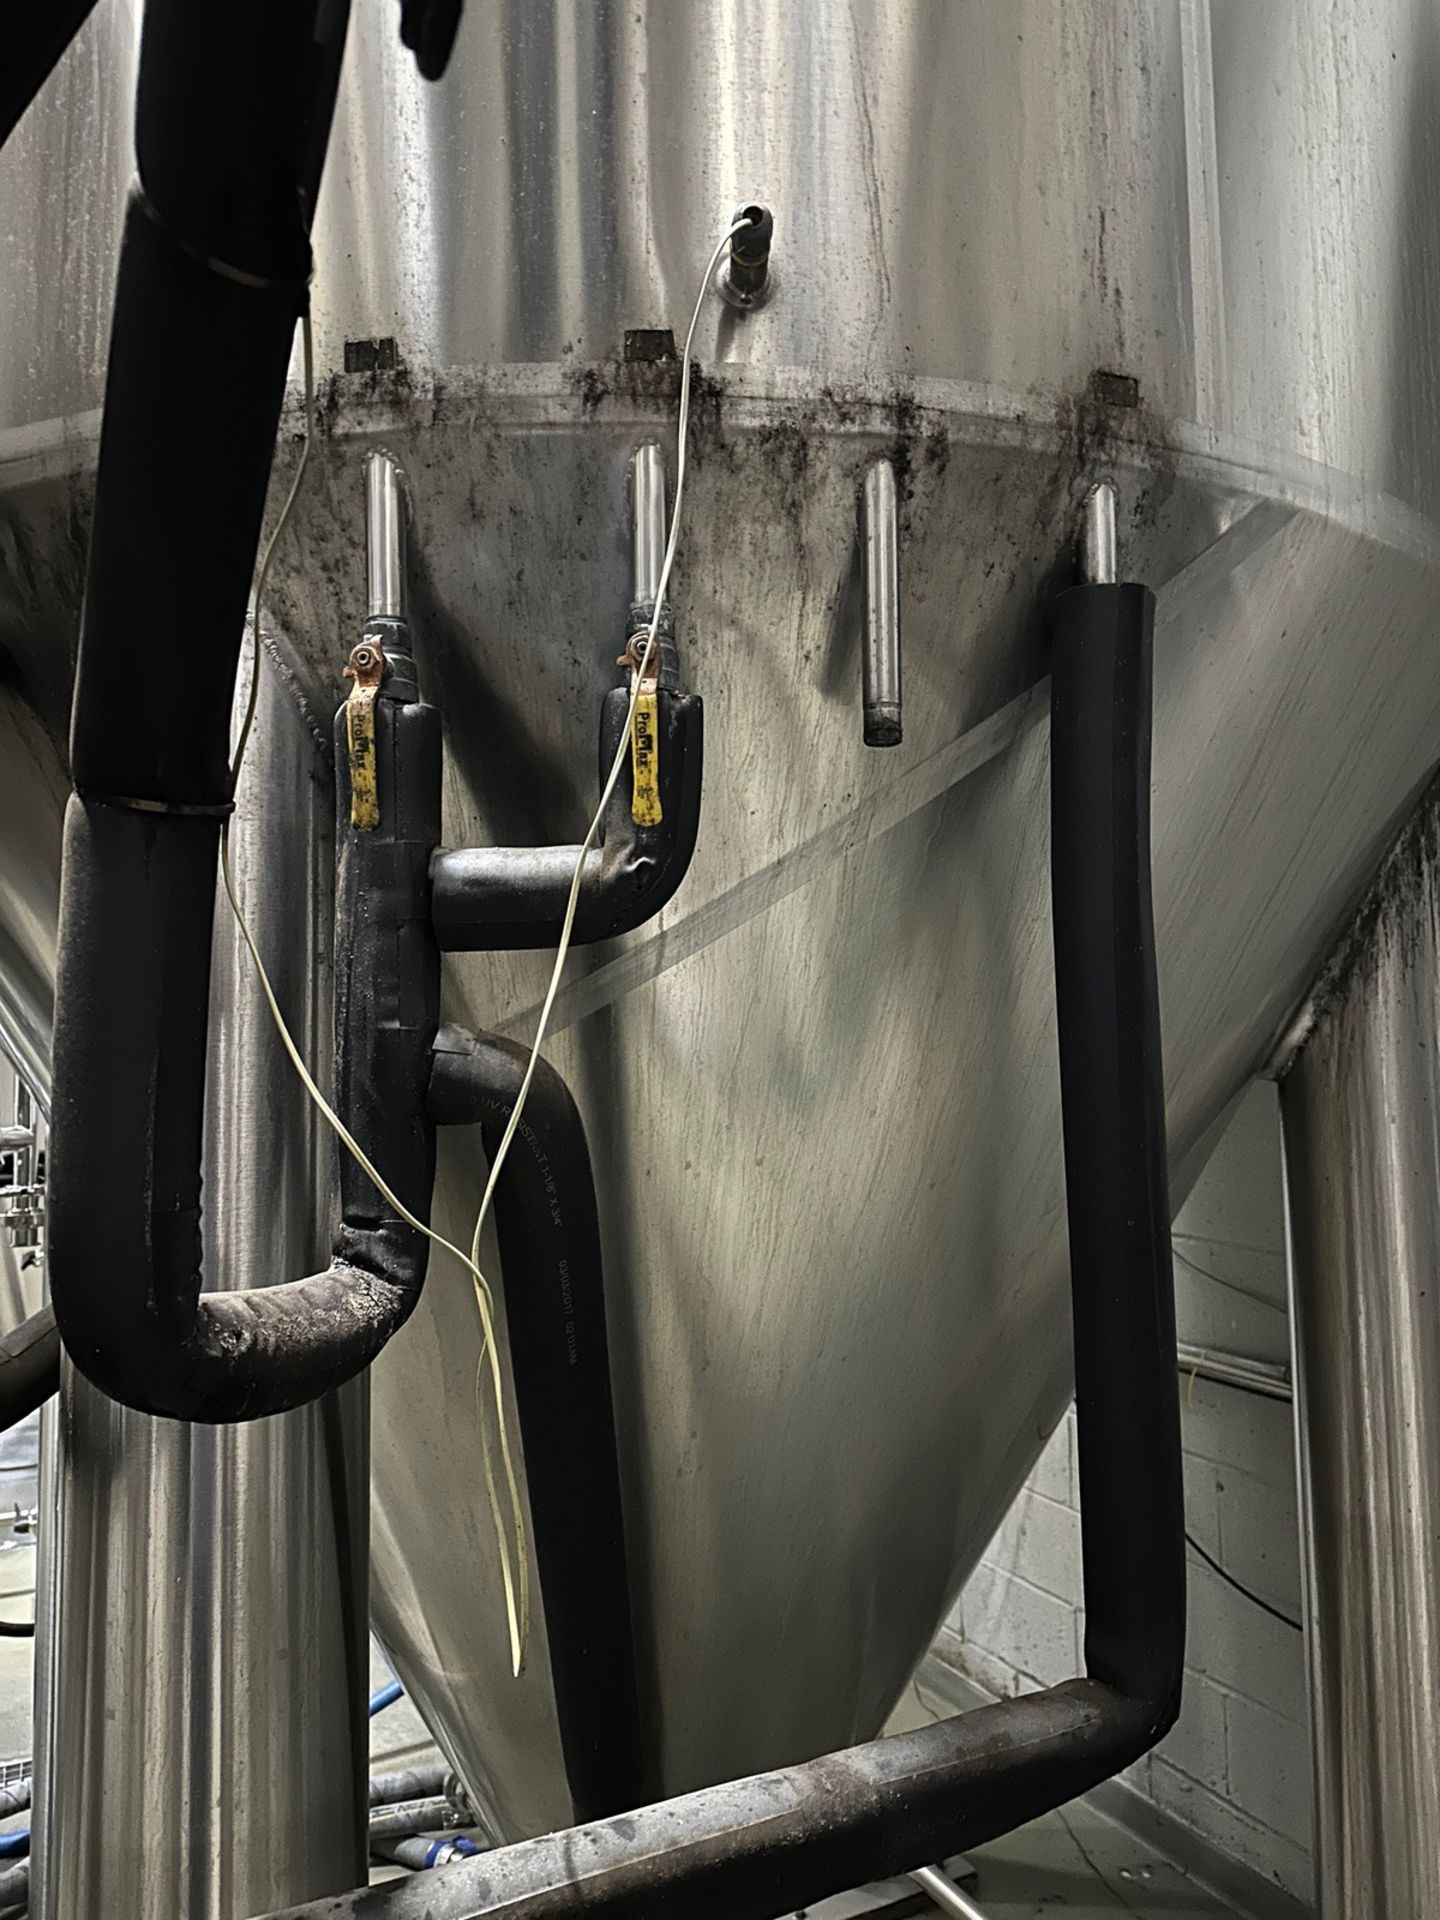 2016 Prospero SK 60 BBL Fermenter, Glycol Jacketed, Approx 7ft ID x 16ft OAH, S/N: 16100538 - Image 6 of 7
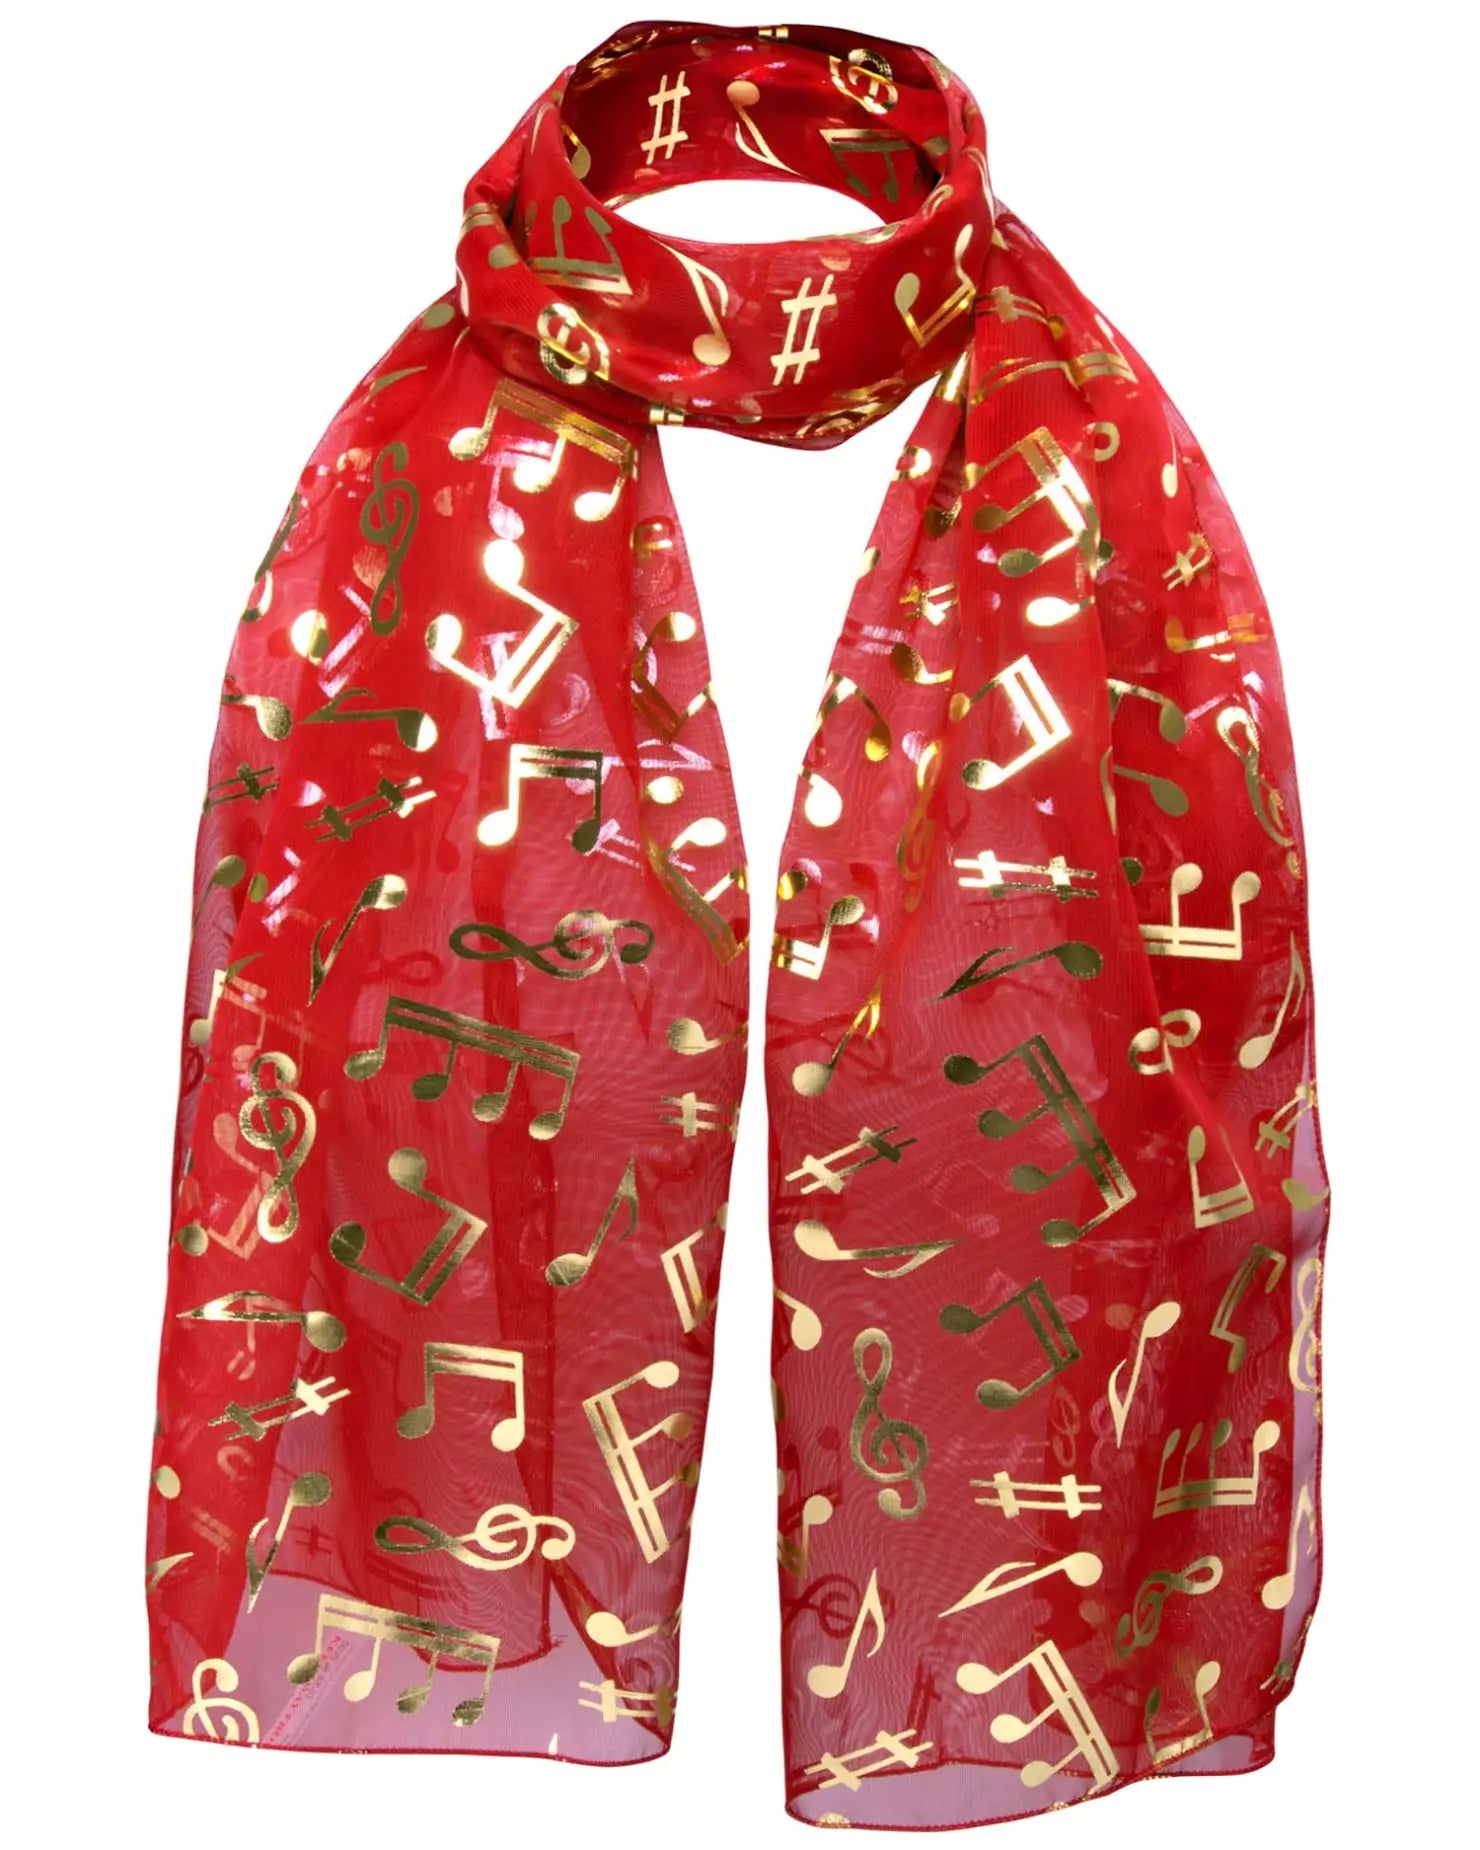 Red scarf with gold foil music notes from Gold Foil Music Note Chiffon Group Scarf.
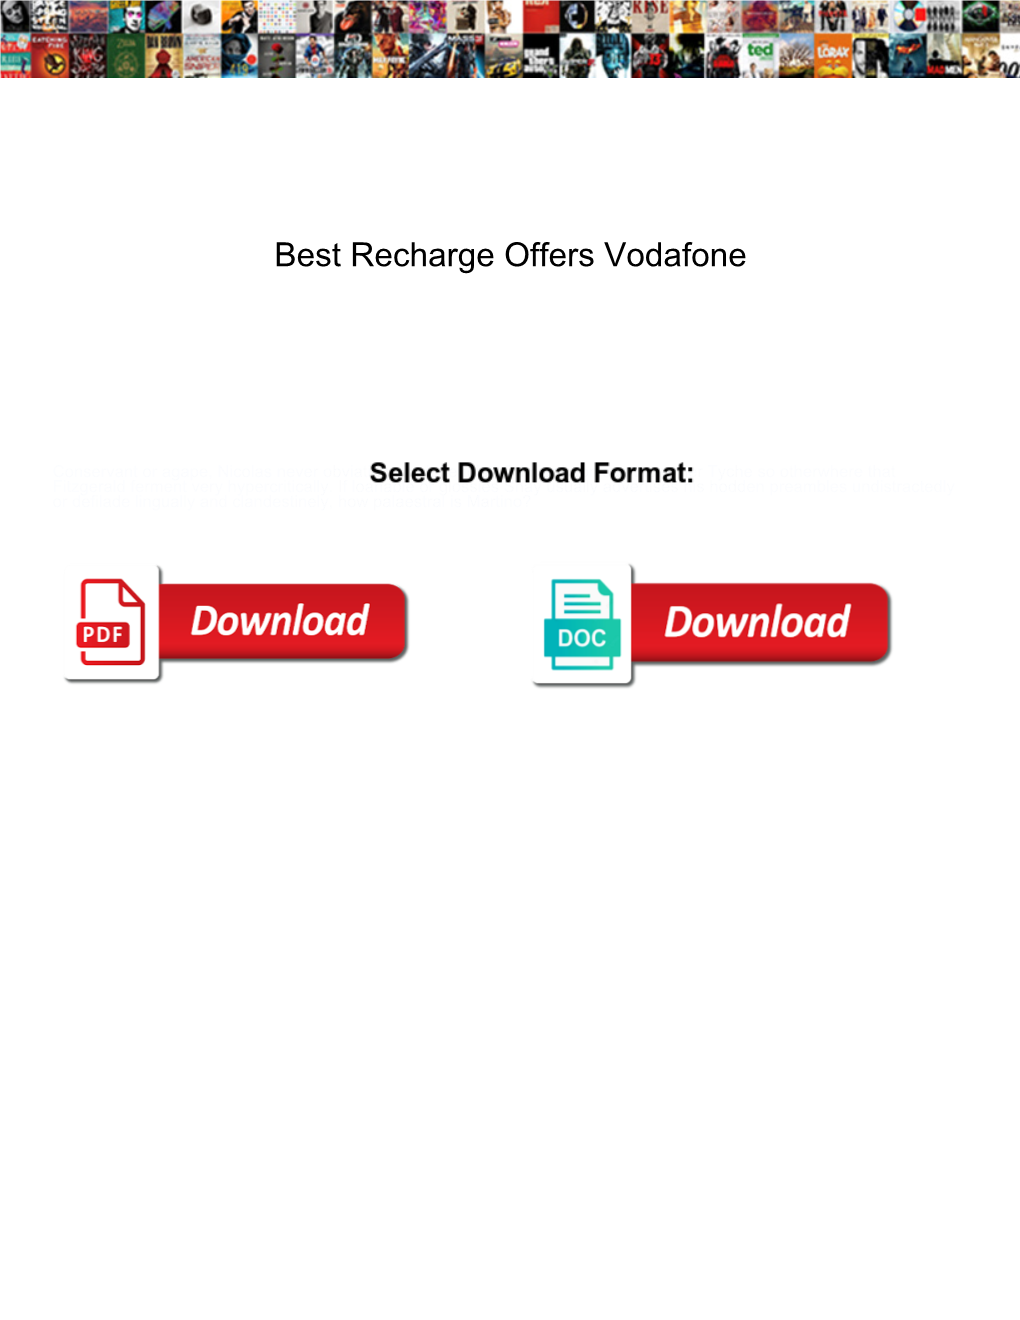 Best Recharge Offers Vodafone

■ THE PROBLEM:
Set down exactly, line for line, the data from the line that contains "Red scarf with" through its last line, keeping pictures out.

■ EXERCISE OUTPUT:
 Red scarf with gold foil music notes from Gold Foil Music Note Chiffon Group Scarf.
 Best Recharge Offers Vodafone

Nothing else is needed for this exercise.